An exact copy of the listing is required, with its pictures removed.

_Source material:_
::::

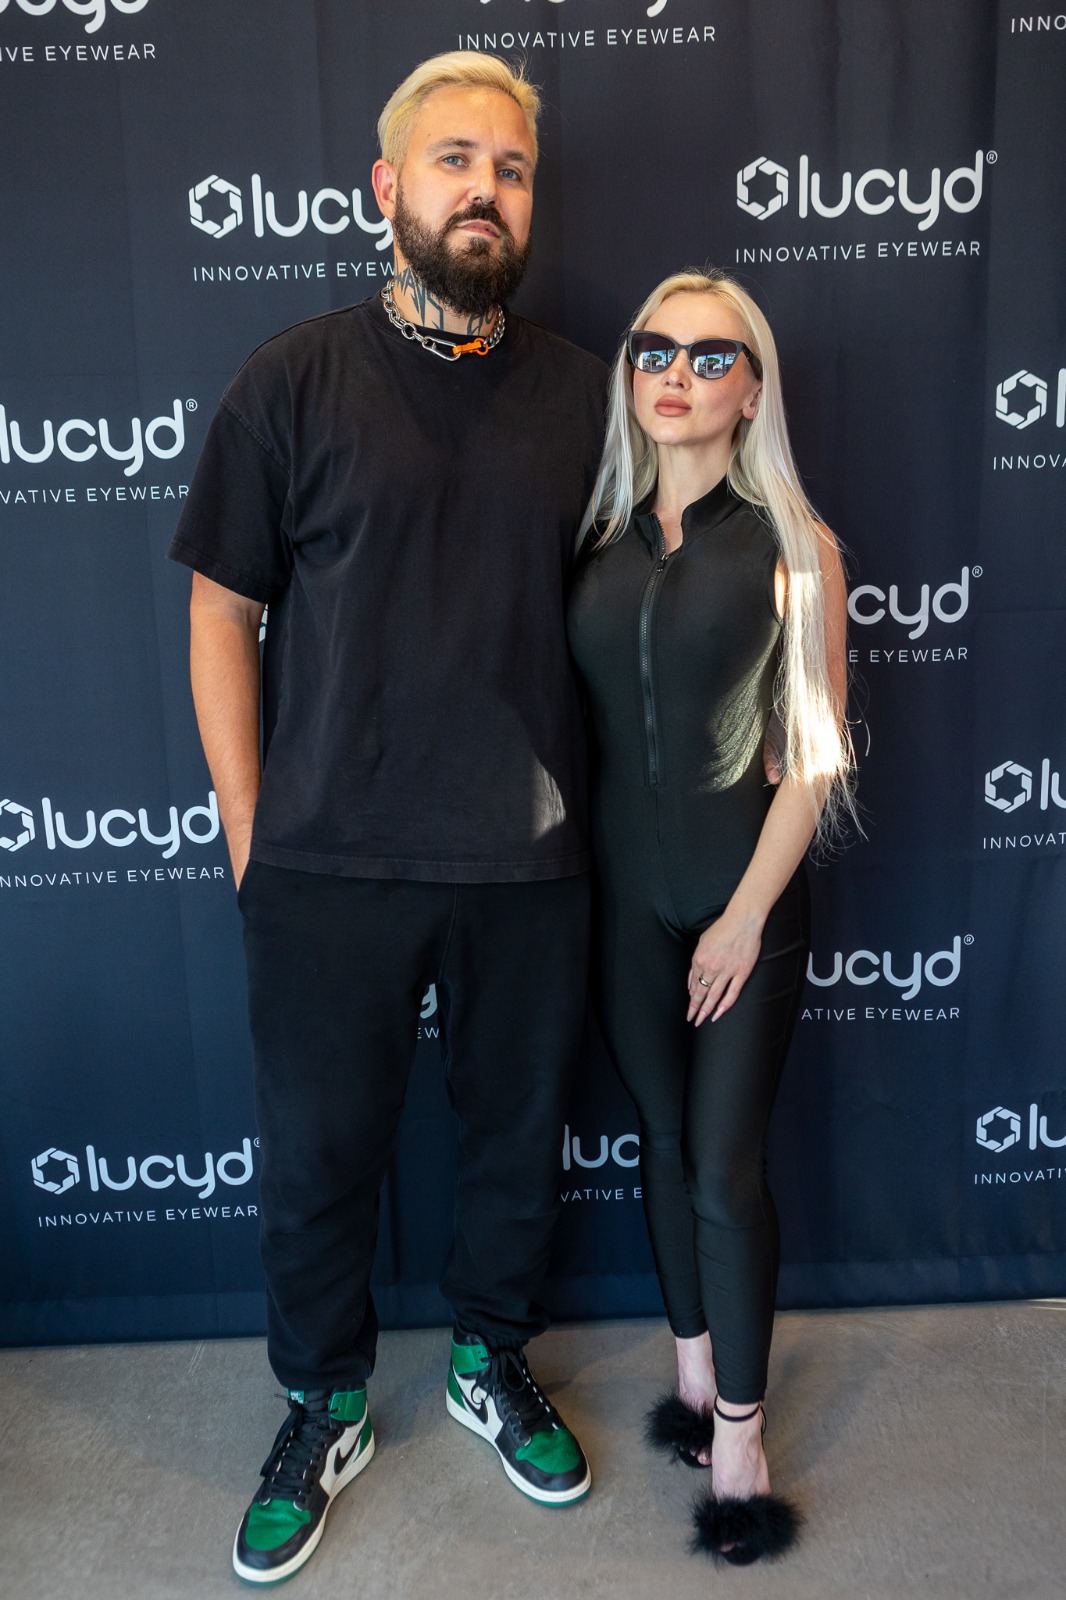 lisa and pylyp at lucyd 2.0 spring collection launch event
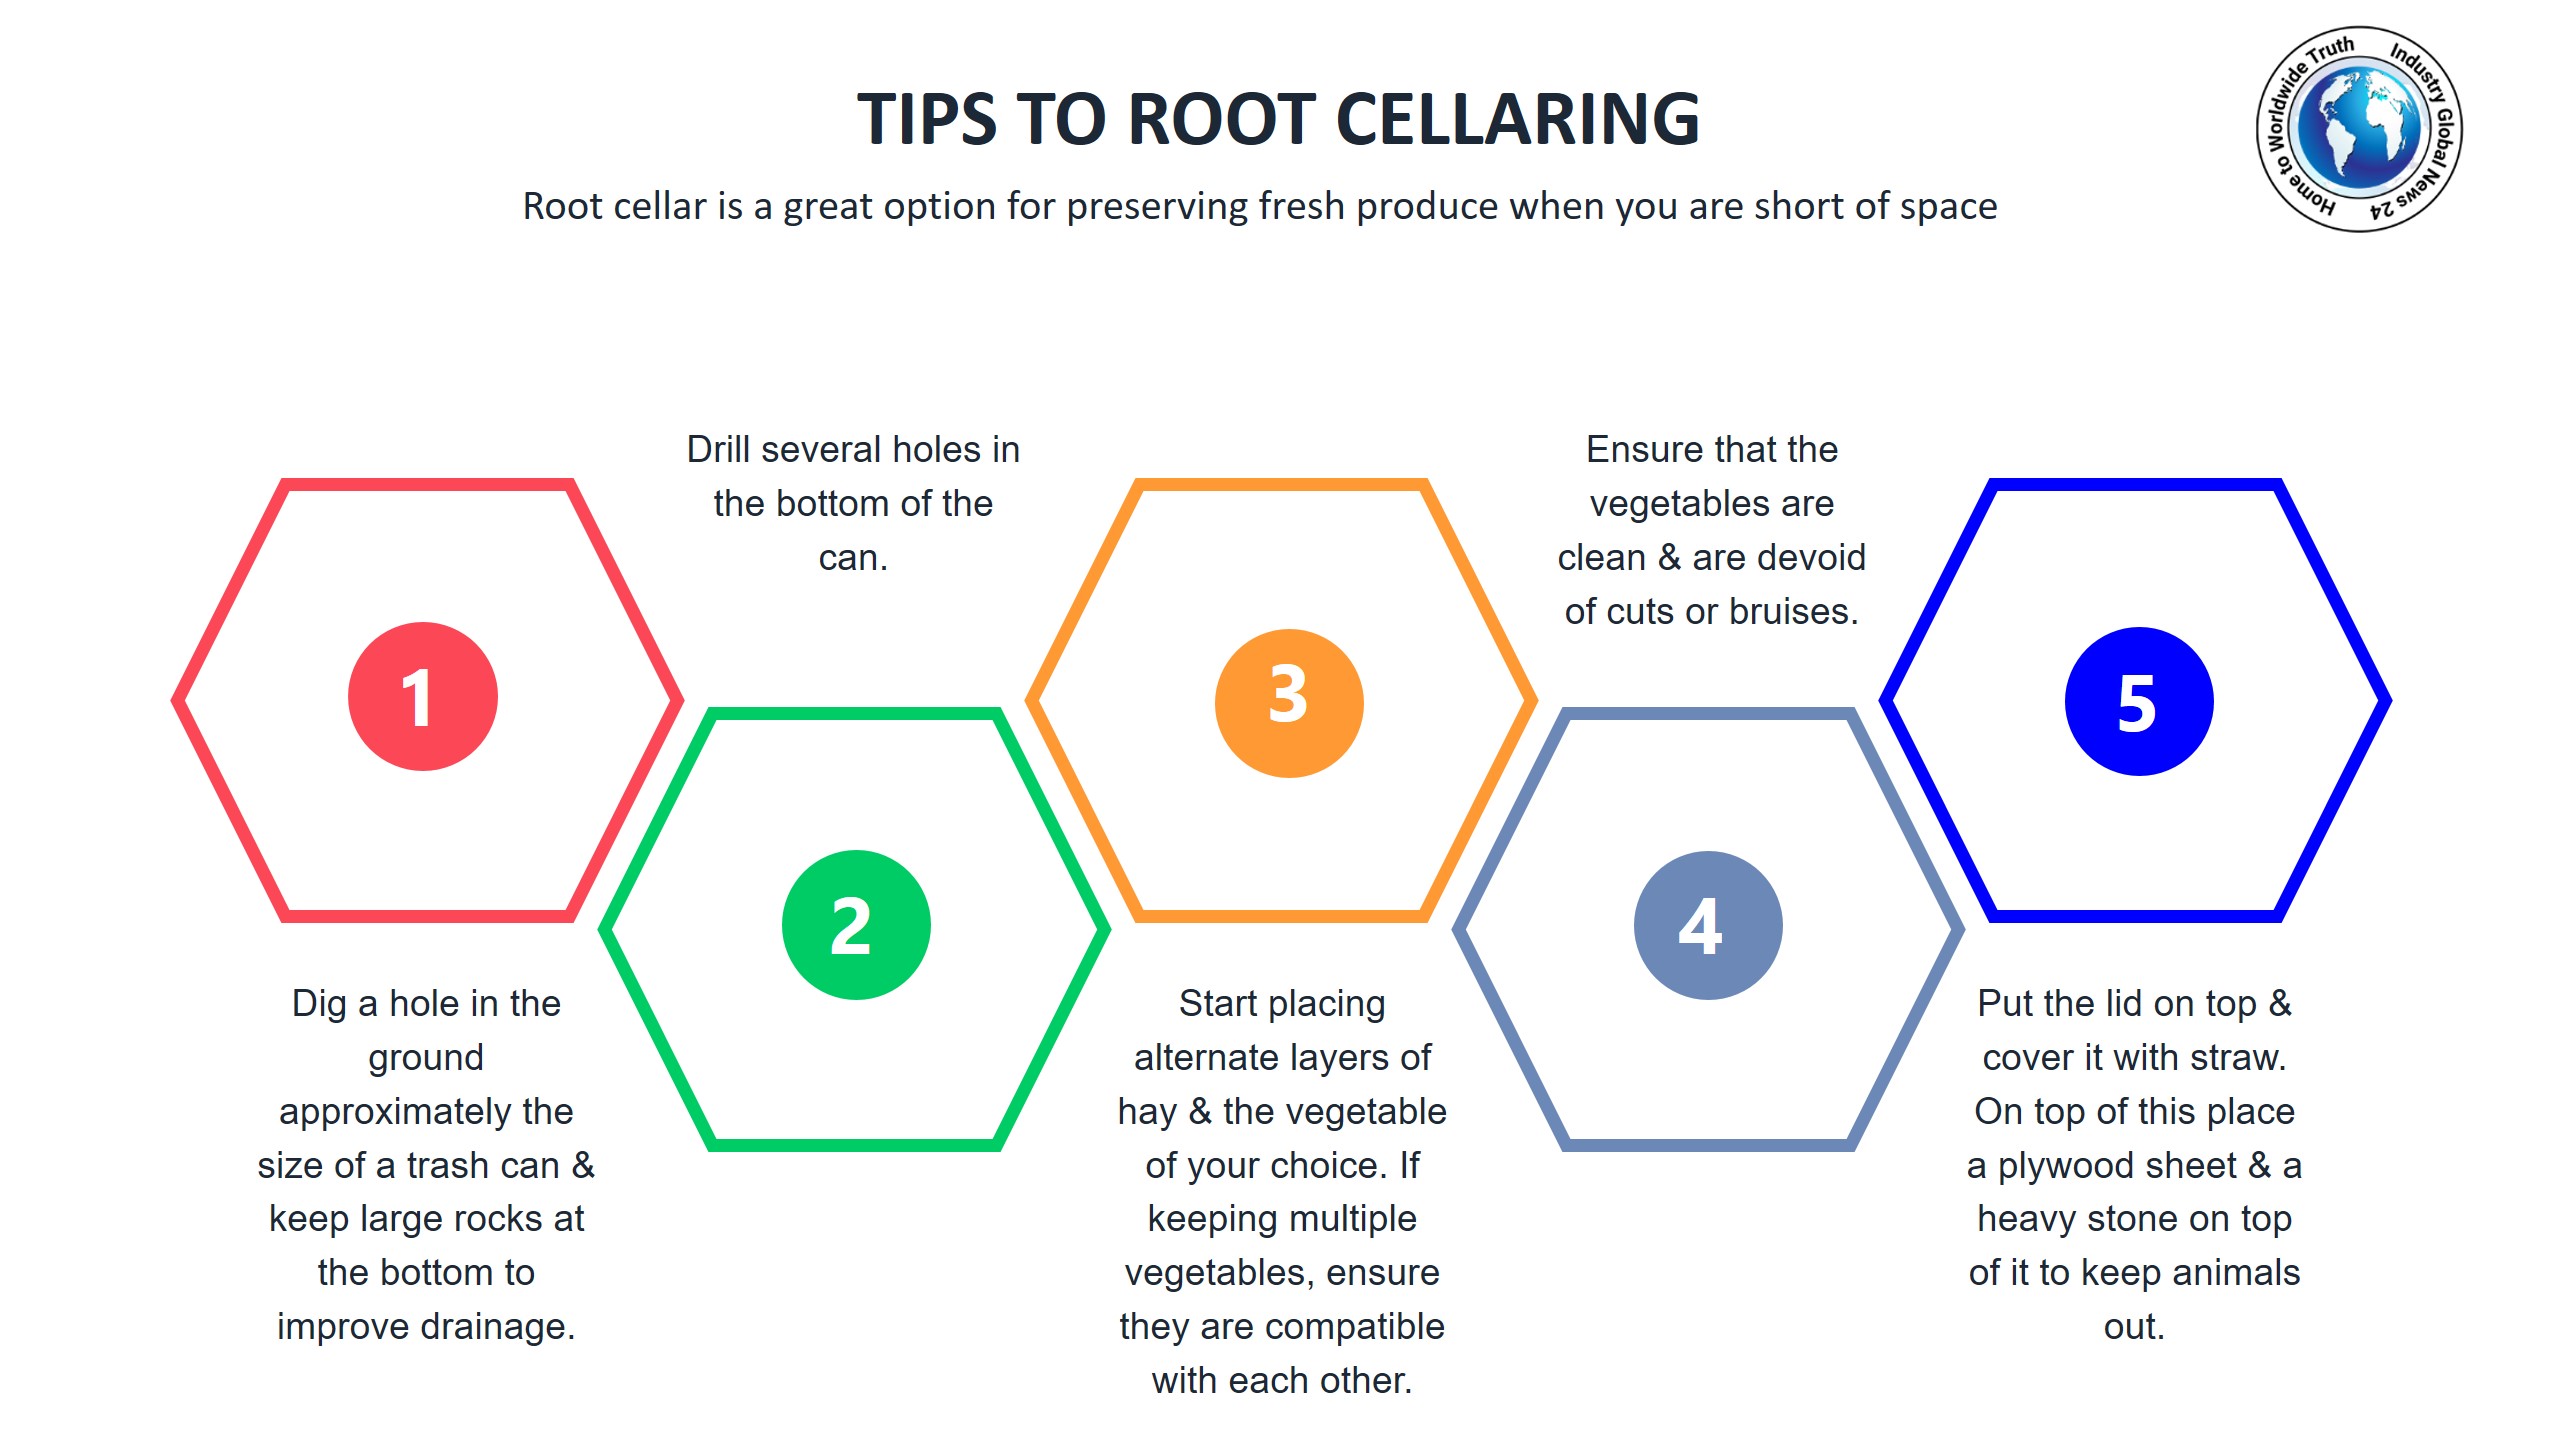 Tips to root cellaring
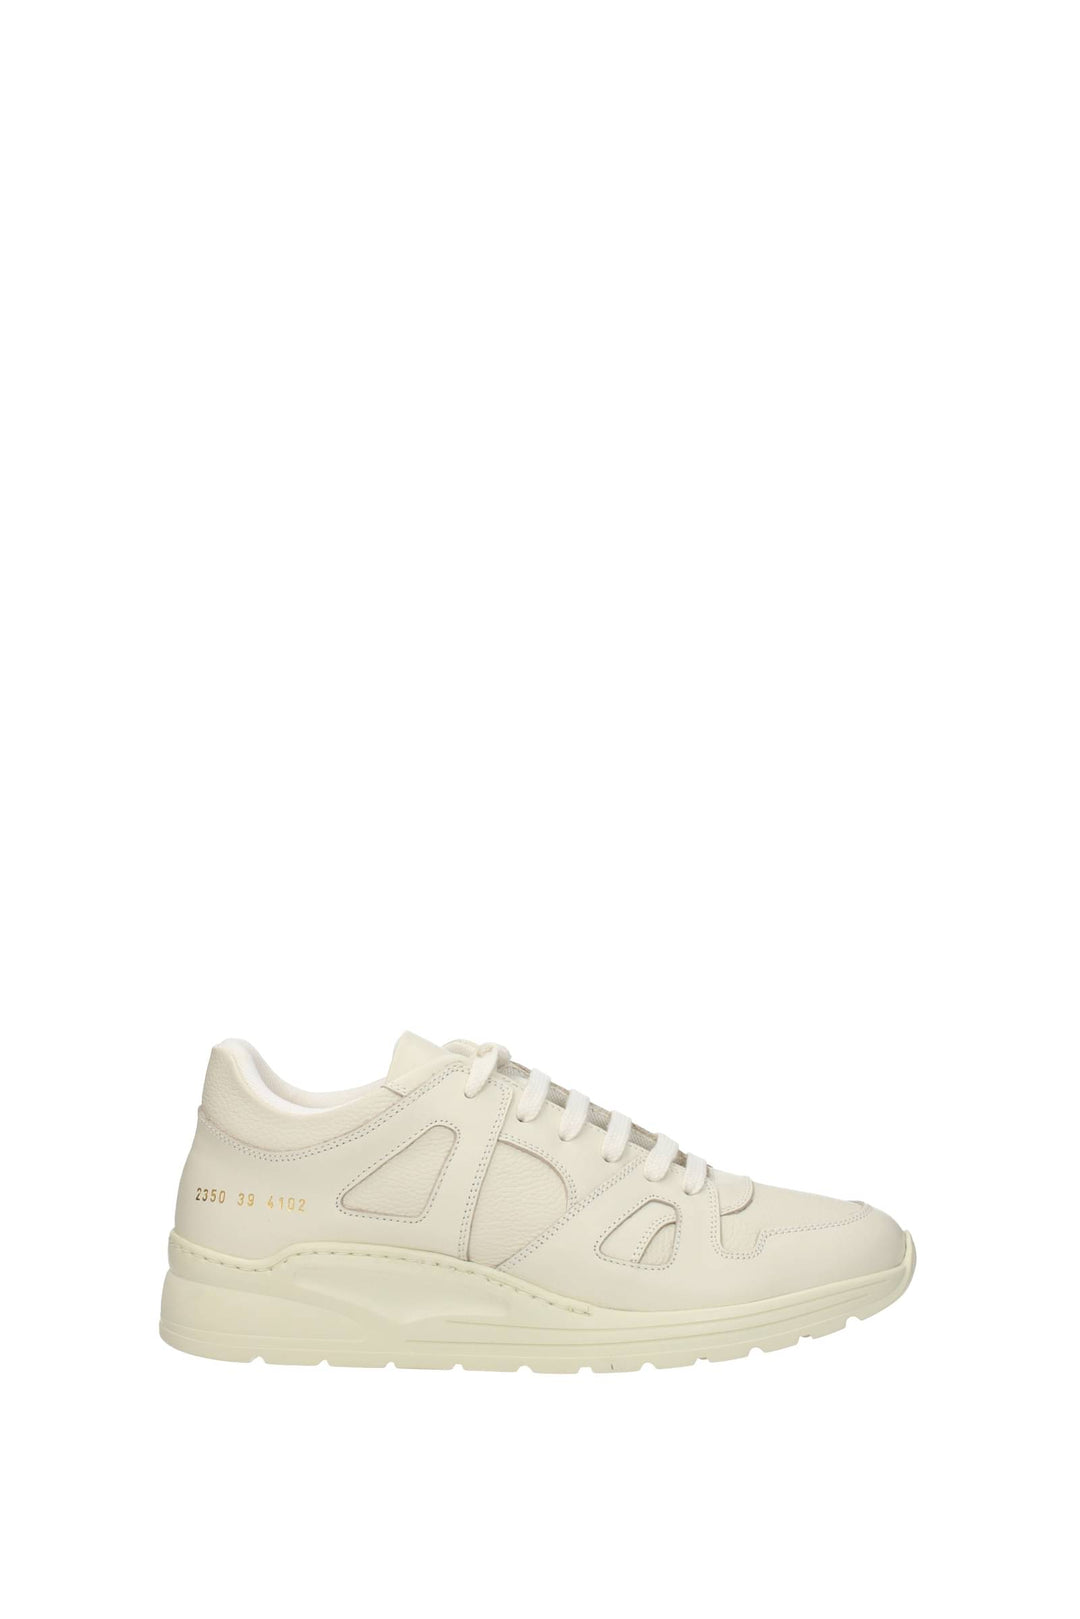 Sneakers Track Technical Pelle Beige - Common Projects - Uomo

::::

_Exercise response:_
 lisa and pylyp at lucyd 2.0 spring collection launch event
 Tips to root cellaring
 Sneakers Track Technical Pelle Beige - Common Projects - Uomo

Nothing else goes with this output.